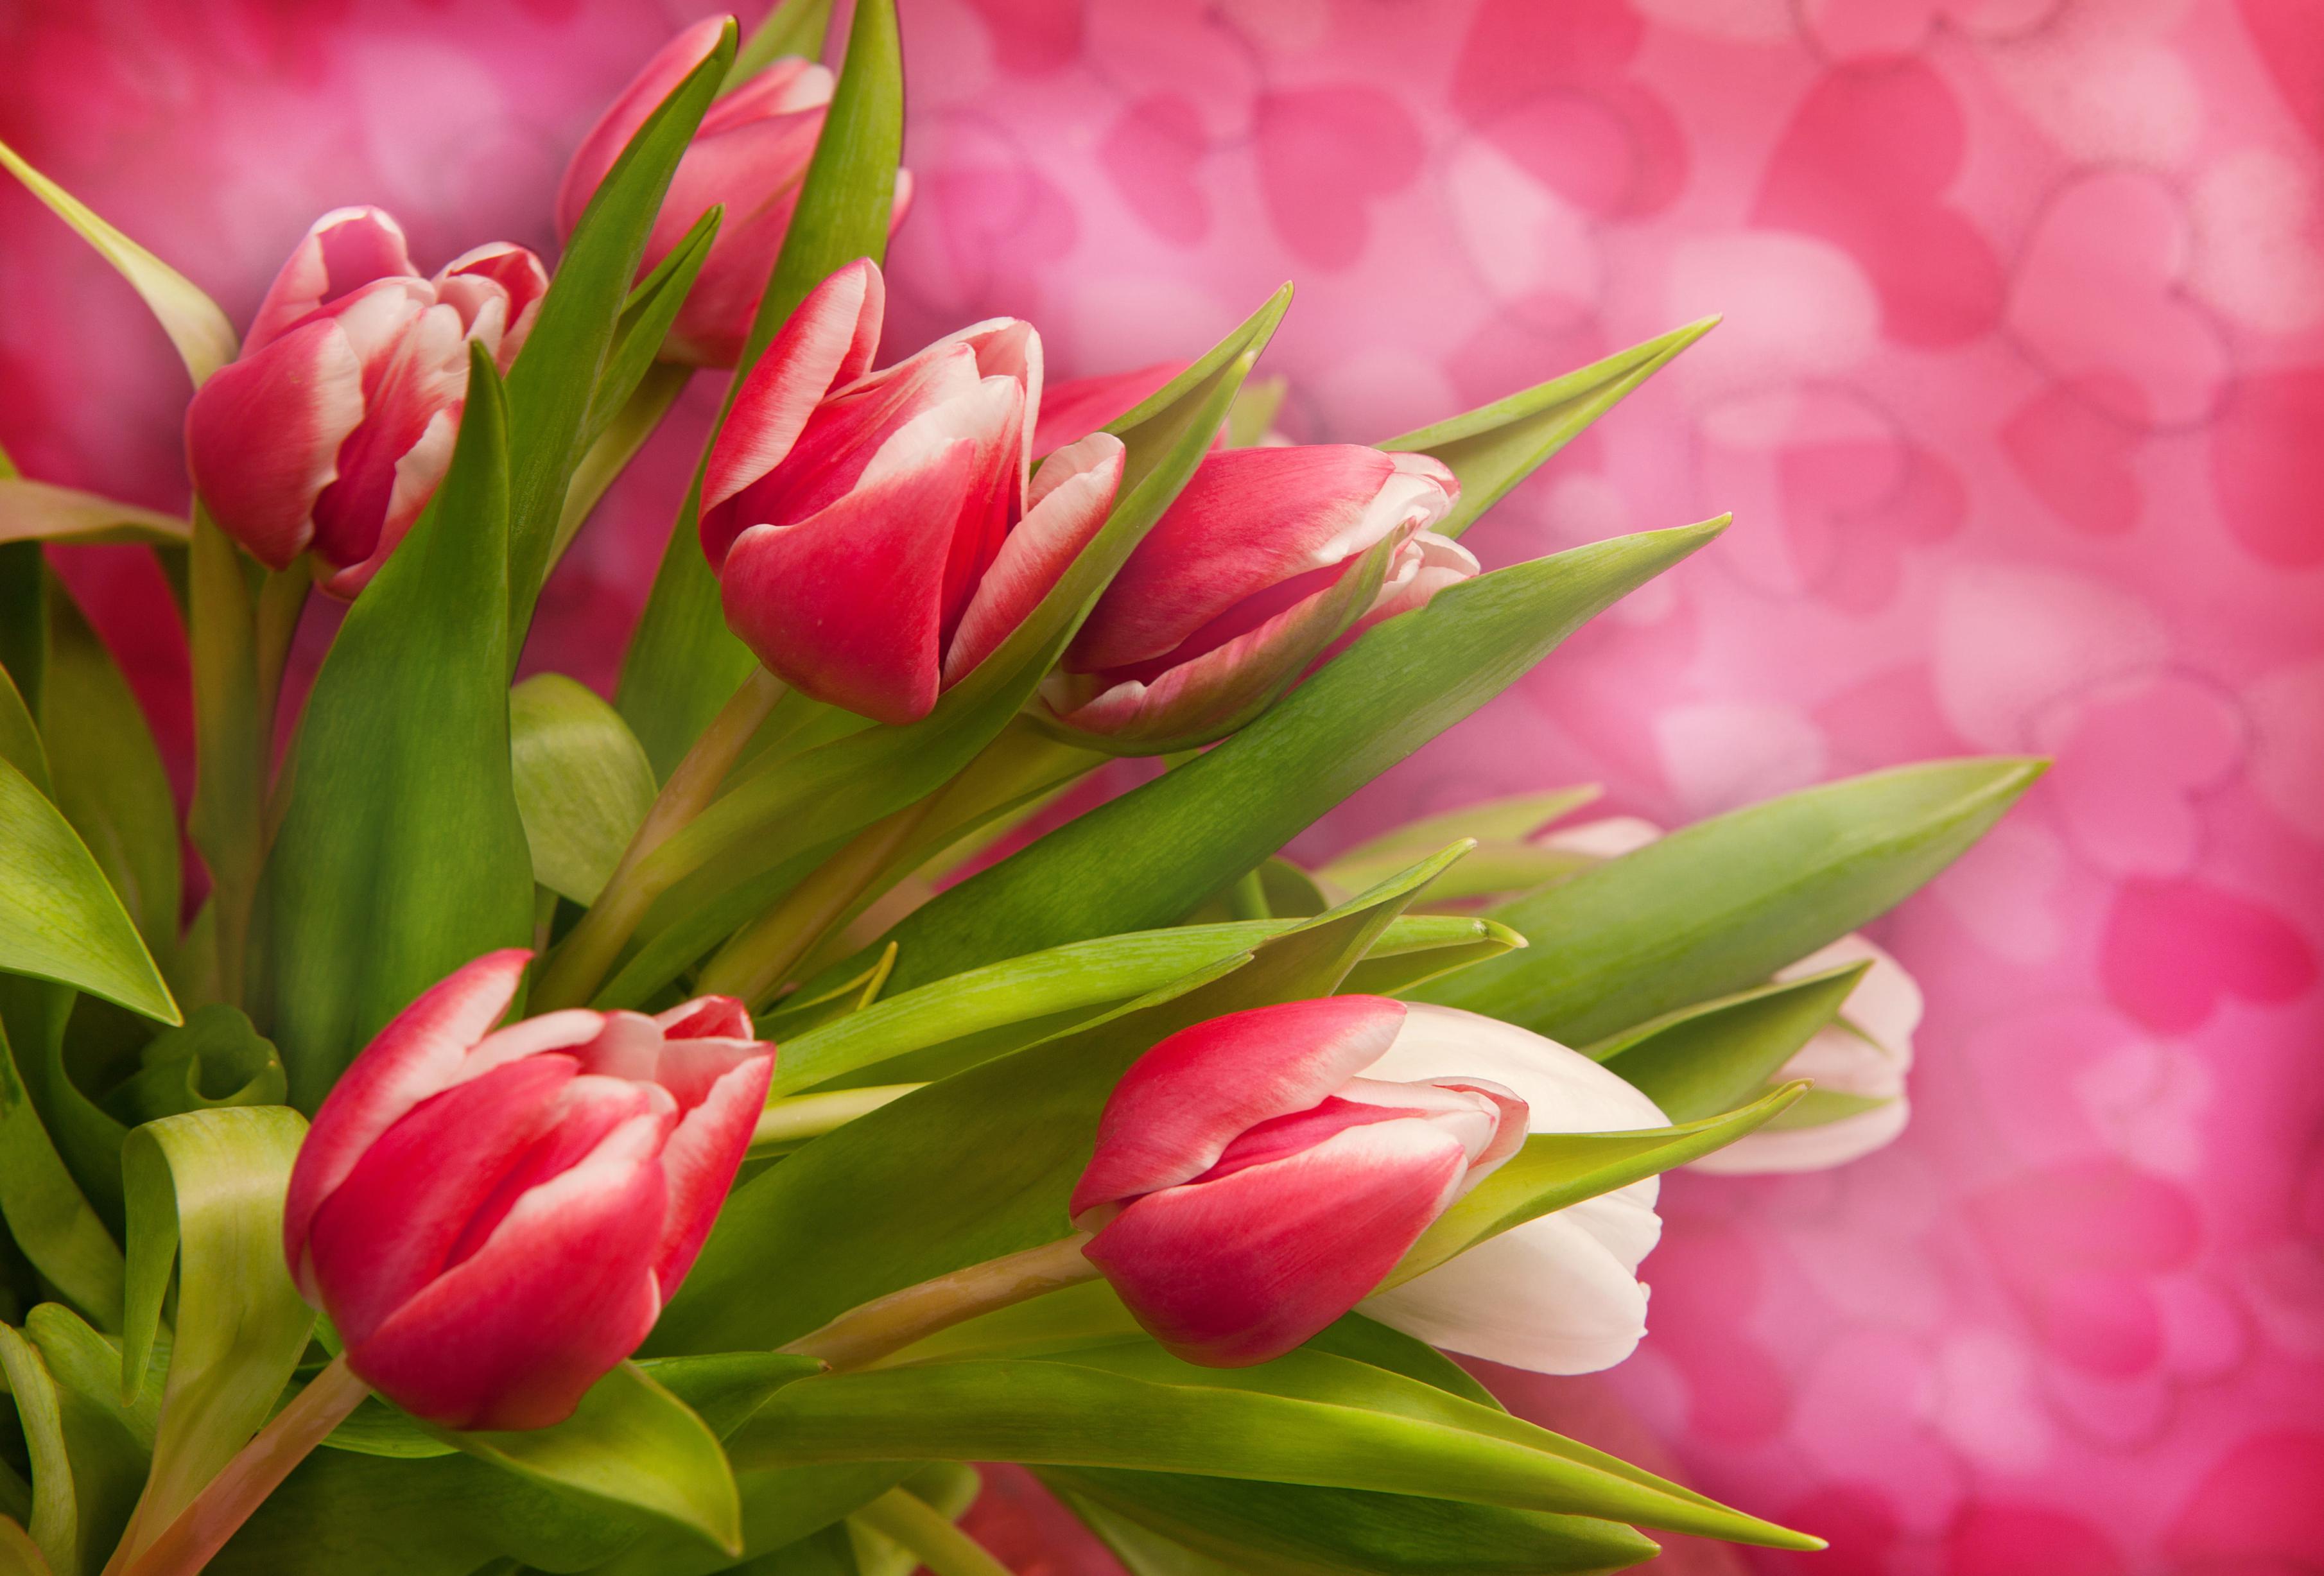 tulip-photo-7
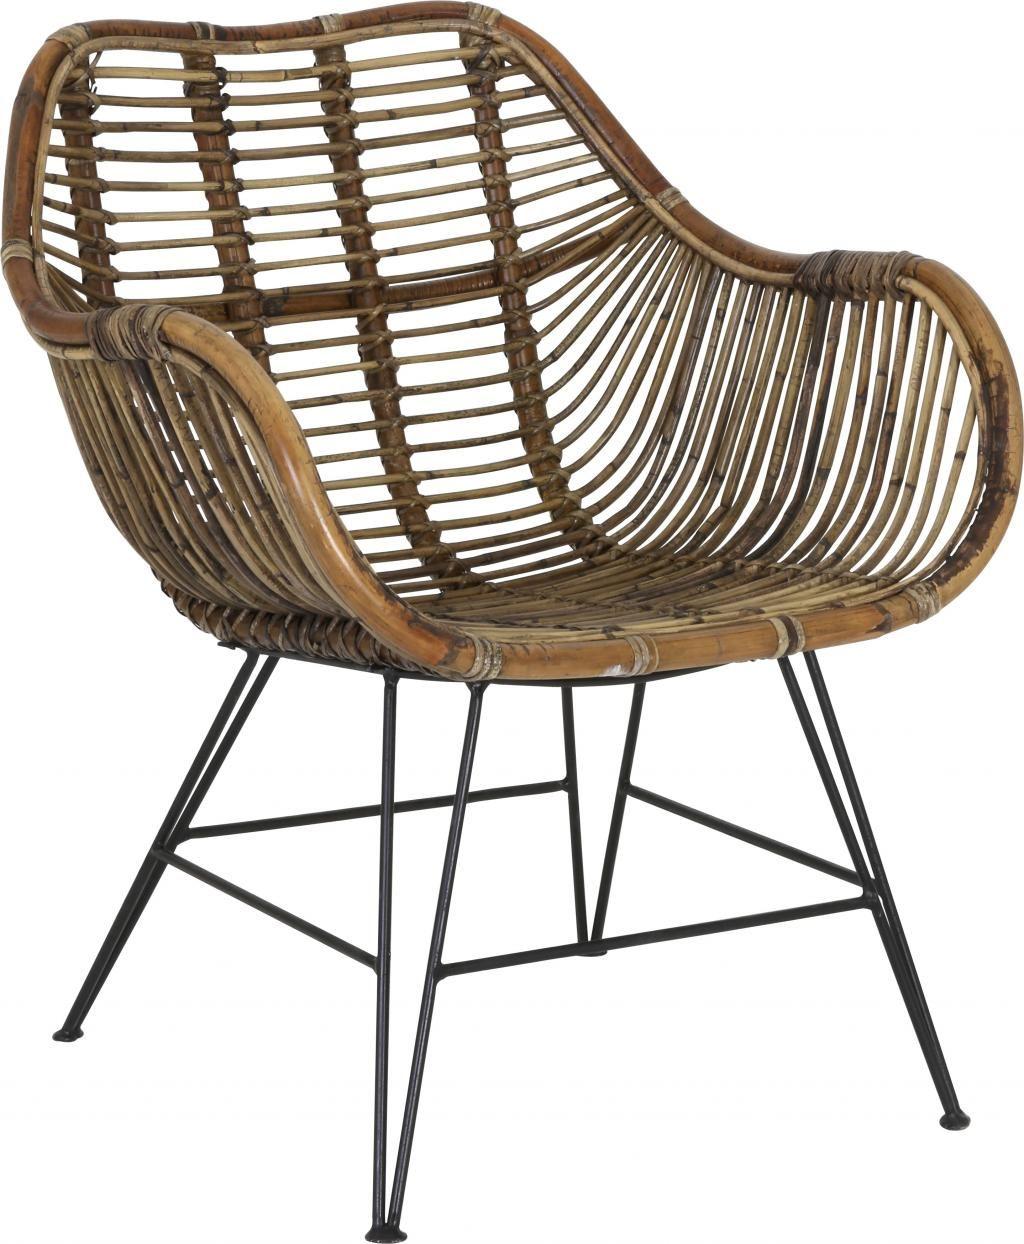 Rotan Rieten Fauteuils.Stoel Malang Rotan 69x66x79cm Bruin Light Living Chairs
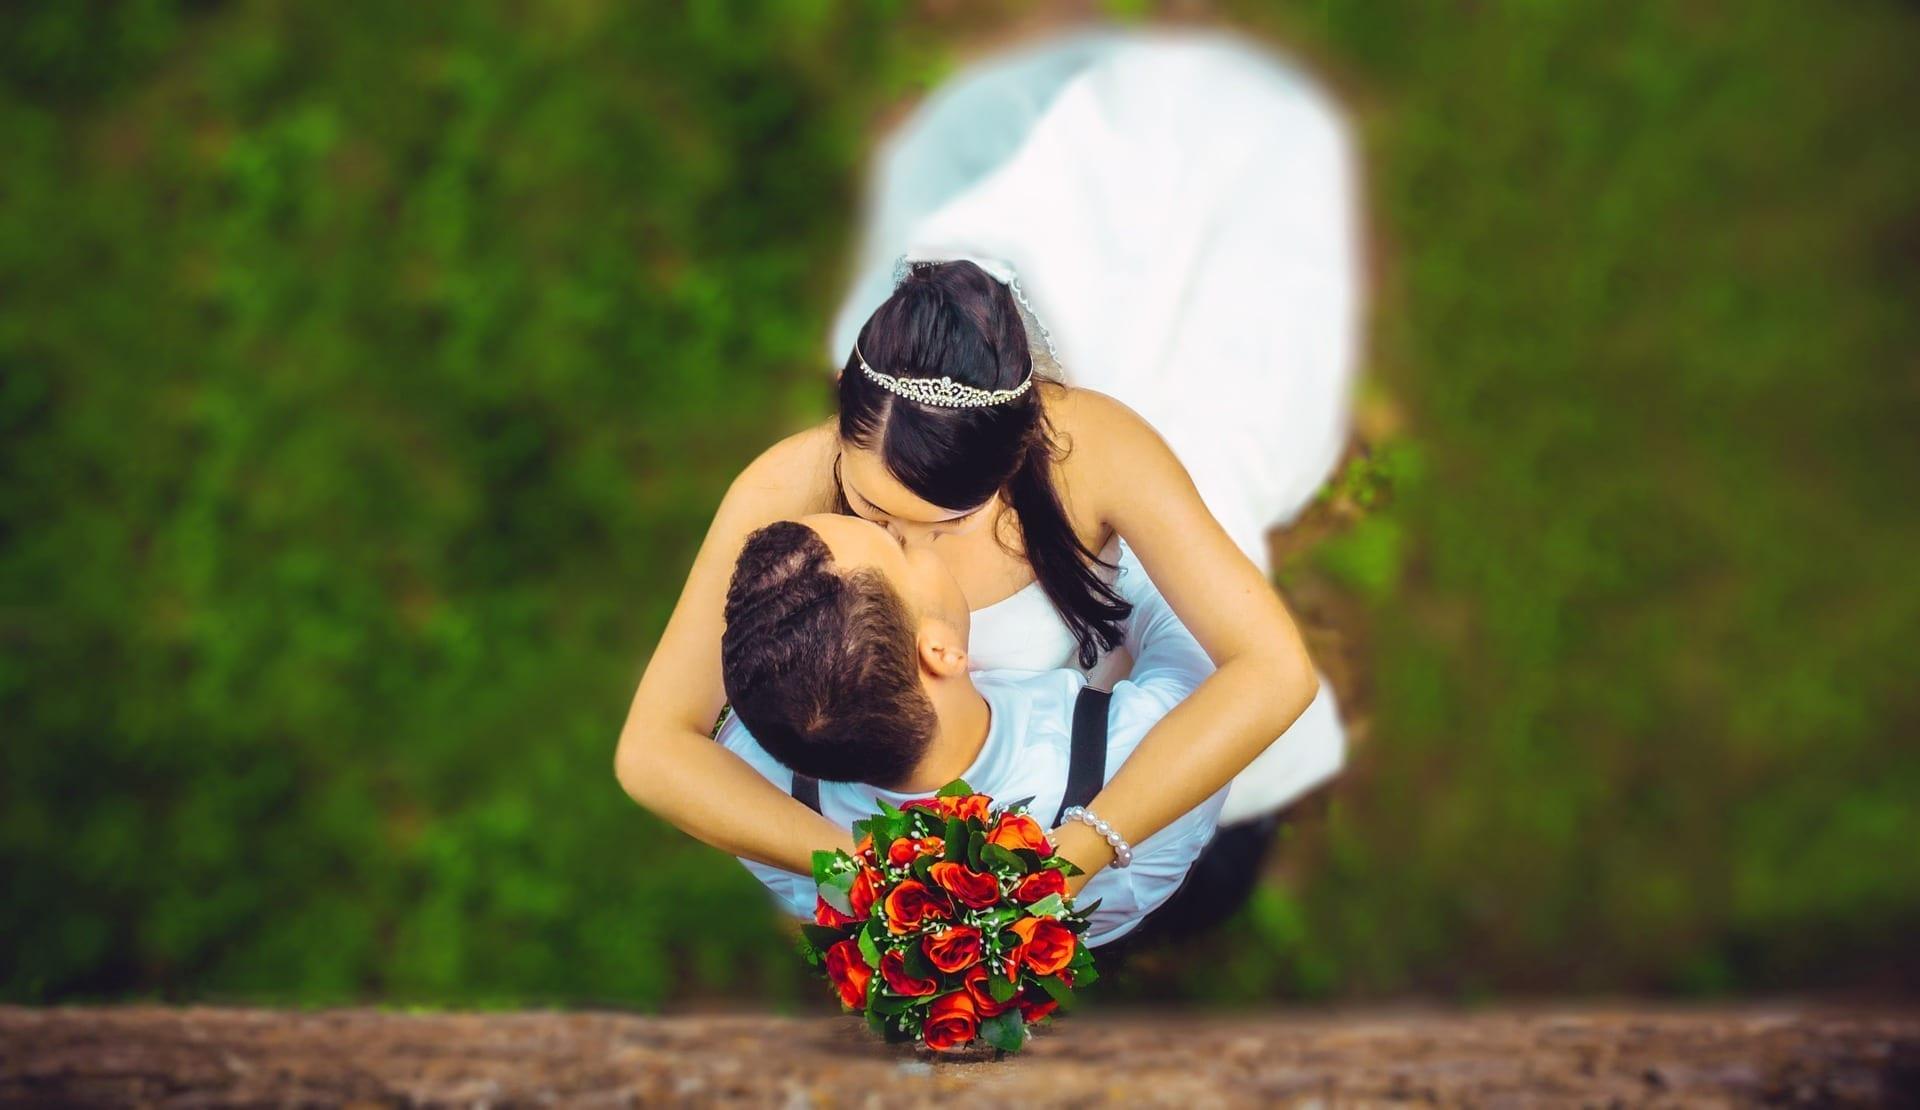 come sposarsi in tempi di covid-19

*PROBLEM REQUIREMENTS*
If the material above contains pictures, exclude them from an otherwise exact transcription.

*RESPONSE TO THIS EXERCISE*
 tulip-photo-7
 Rotan Rieten Fauteuils.Stoel Malang Rotan 69x66x79cm Bruin Light Living Chairs
 come sposarsi in tempi di covid-19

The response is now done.